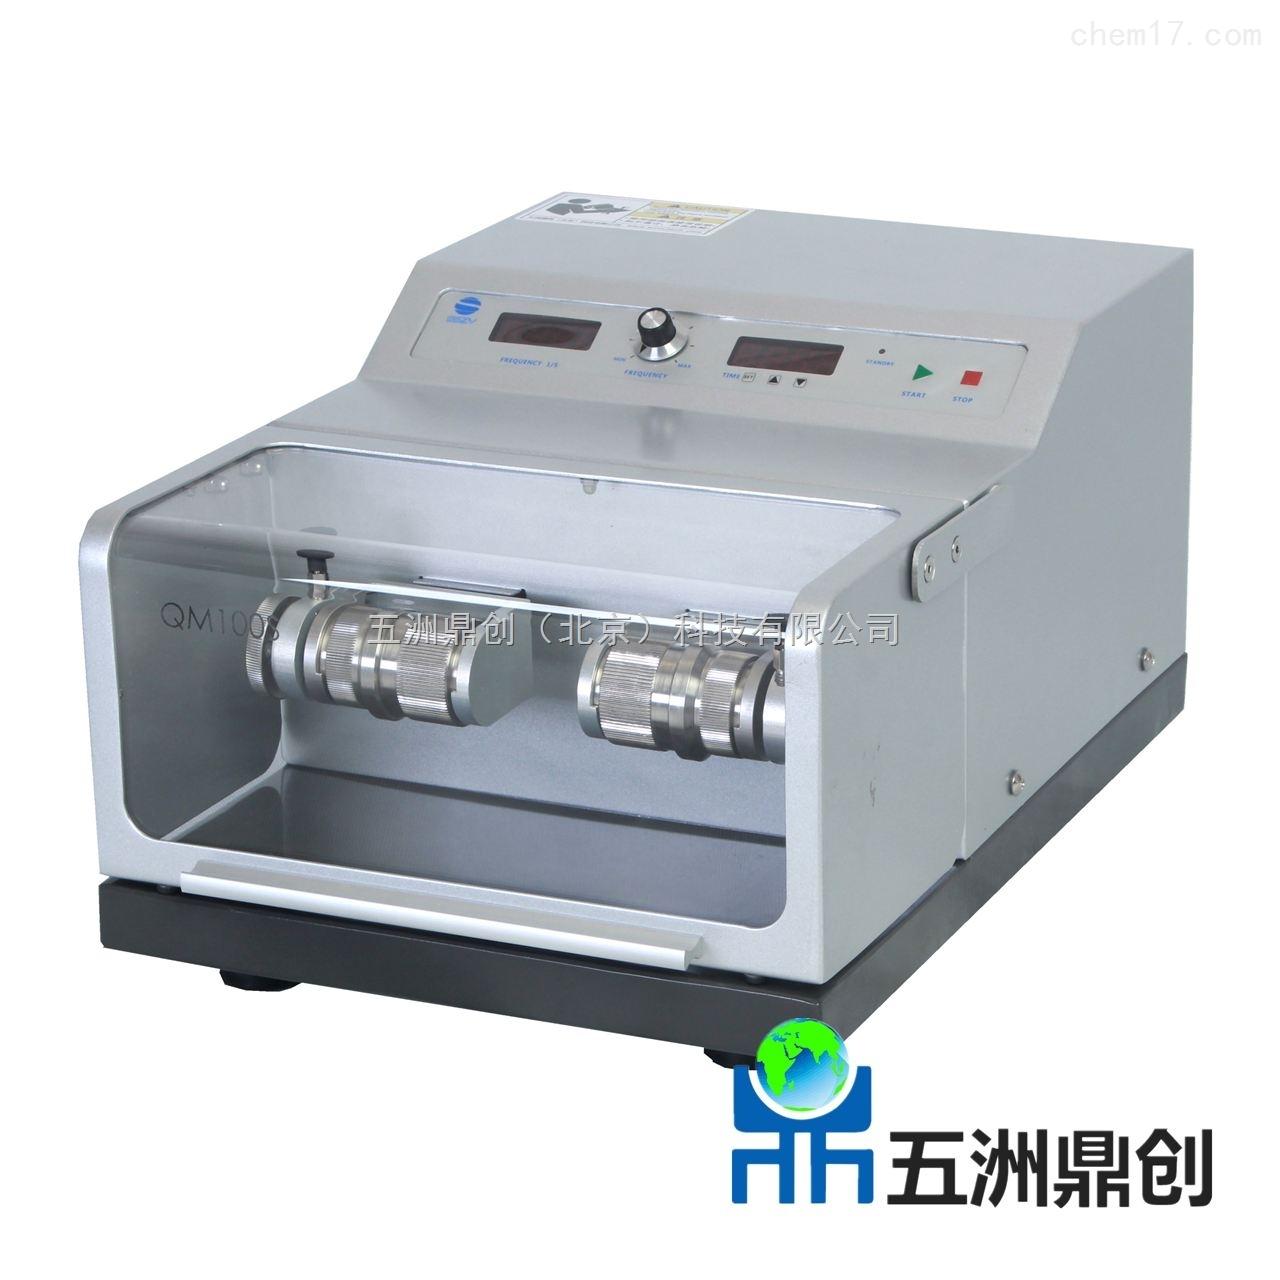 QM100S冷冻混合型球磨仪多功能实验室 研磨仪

-*-*-

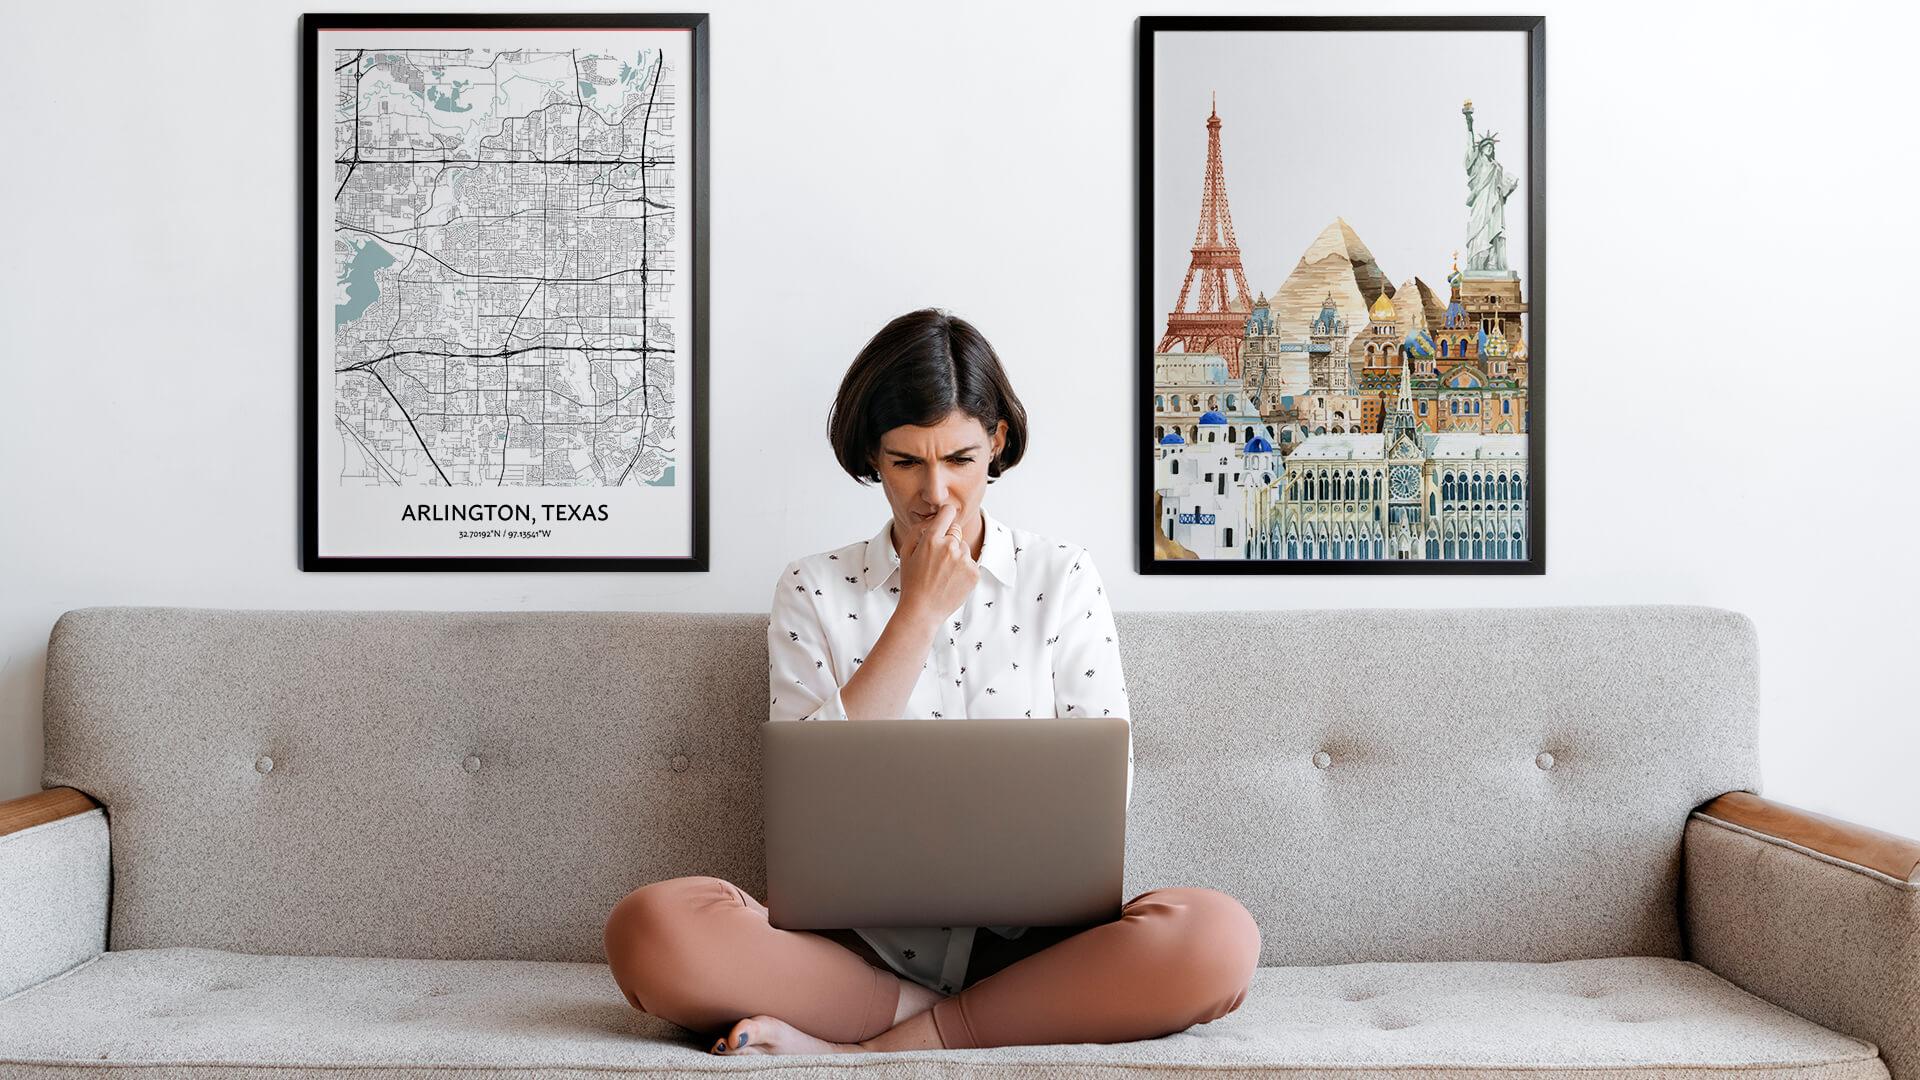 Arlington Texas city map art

-*-*-

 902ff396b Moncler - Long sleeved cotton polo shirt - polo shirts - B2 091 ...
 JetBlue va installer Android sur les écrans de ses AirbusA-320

-*-*-

What to produce » From the records above, repeat exactly the lines from the one with "902ff396b Moncler - Long" through the one with "JetBlue va installer", both included.

Response to this task »
 902ff396b Moncler - Long sleeved cotton polo shirt - polo shirts - B2 091 ...
 JetBlue va installer Android sur les écrans de ses AirbusA-320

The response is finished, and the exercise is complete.